¿Por qué decimos las cosas por escrito y no cara a cara? Seguramente porque cara a cara sabemos que, una vez que expresamos algo, automáticamente pasamos a ser los únicos dueños de nuestras palabras, y no nos gusta. No queremos sentir la presión de que algo que decimos pueda tener unas consecuencias tal vez no deseadas.
 Ese hecho intimida hasta el punto de provocar un miedo que a momentos nos hace incapaces de articular cualquier sonido de manera coherente. Y es entonces cuando optamos por callar. Callar y pensar en todo lo que diríamos; aquello que nos preocupa y no nos deja avanzar, por ejemplo, en una relación sentimental, de amistad… hasta que un día estallamos, empezamos a hablar sin control y, como una bomba de relojería, después de eso ya es demasiado tarde. No queda nada en pie.
Lo único bueno es que, si lo construido entre las dos personas es lo suficientemente fuerte —y sólo si es así—, al final la frase “destruir para volver a construir de nuevo y mejor” cobrará un sentido que tal vez hasta ese momento desconocíamos. En caso contrario, aquello ínfimo que nos unía a la otra persona se esfumará y posiblemente no lo recuperaremos jamás.

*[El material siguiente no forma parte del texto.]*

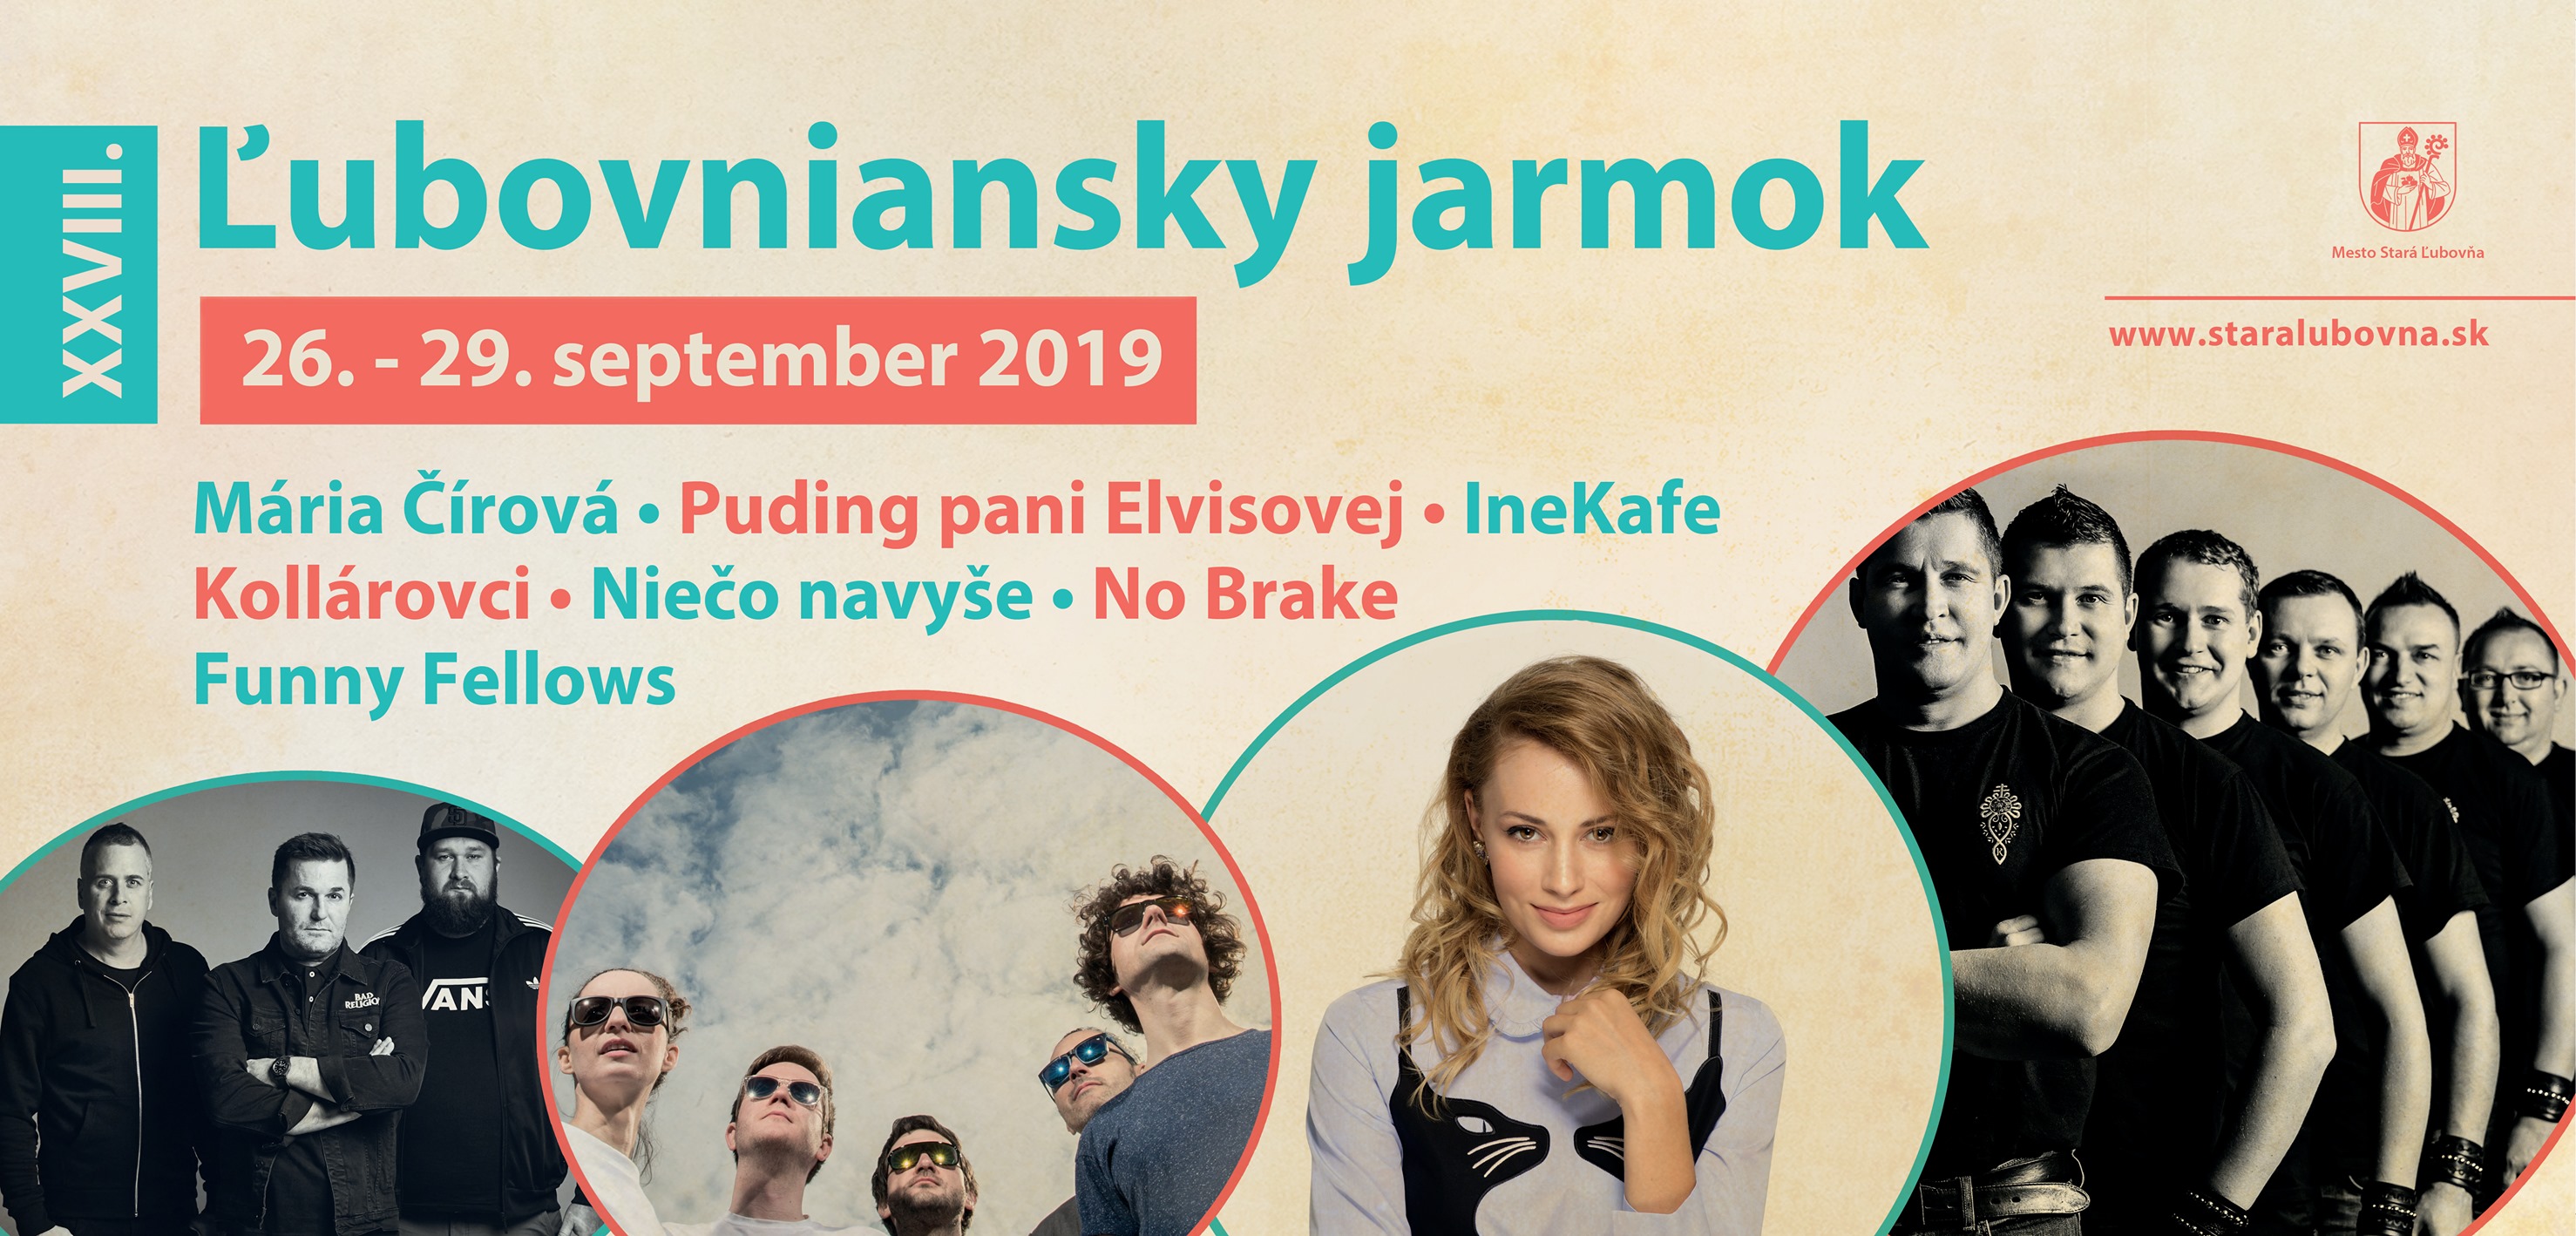 ubovniansky jarmok 2019 - 28. ronk

En otro orden de cosas, a las conversaciones a través de una pantalla les pasa lo mismo que a nuestras fotos de Instagram cuando decidimos usar los famosos filtros: las embellecemos de manera innecesaria la mayoría de las veces sólo para que otras personas les den el mismo valor que tienen para nosotros. Pero no hay que olvidar que aquella puesta de sol, esa foto de grupo, esa conversación de amigos durante horas o ese beso con quien quieres sólo fueron posibles porque estuvisteis ahí, en ese momento, con esa compañía.

Sólo espero que, después de leer este cúmulo de pensamientos (in)coherentes, cojáis vuestro teléfono, sí, pero para llamar a alguna de esas personas que os importan y quedar con ella para tomar un café y hablar, ya sea de la vida, de vuestros proyectos o, incluso, de vuestras preocupaciones…

Porque todos, en el fondo, seamos como seamos, necesitamos sentir y saber que alguien está dispuesto a brindarnos su presencia y compartir con nosotros algo que nunca recuperará: su tiempo.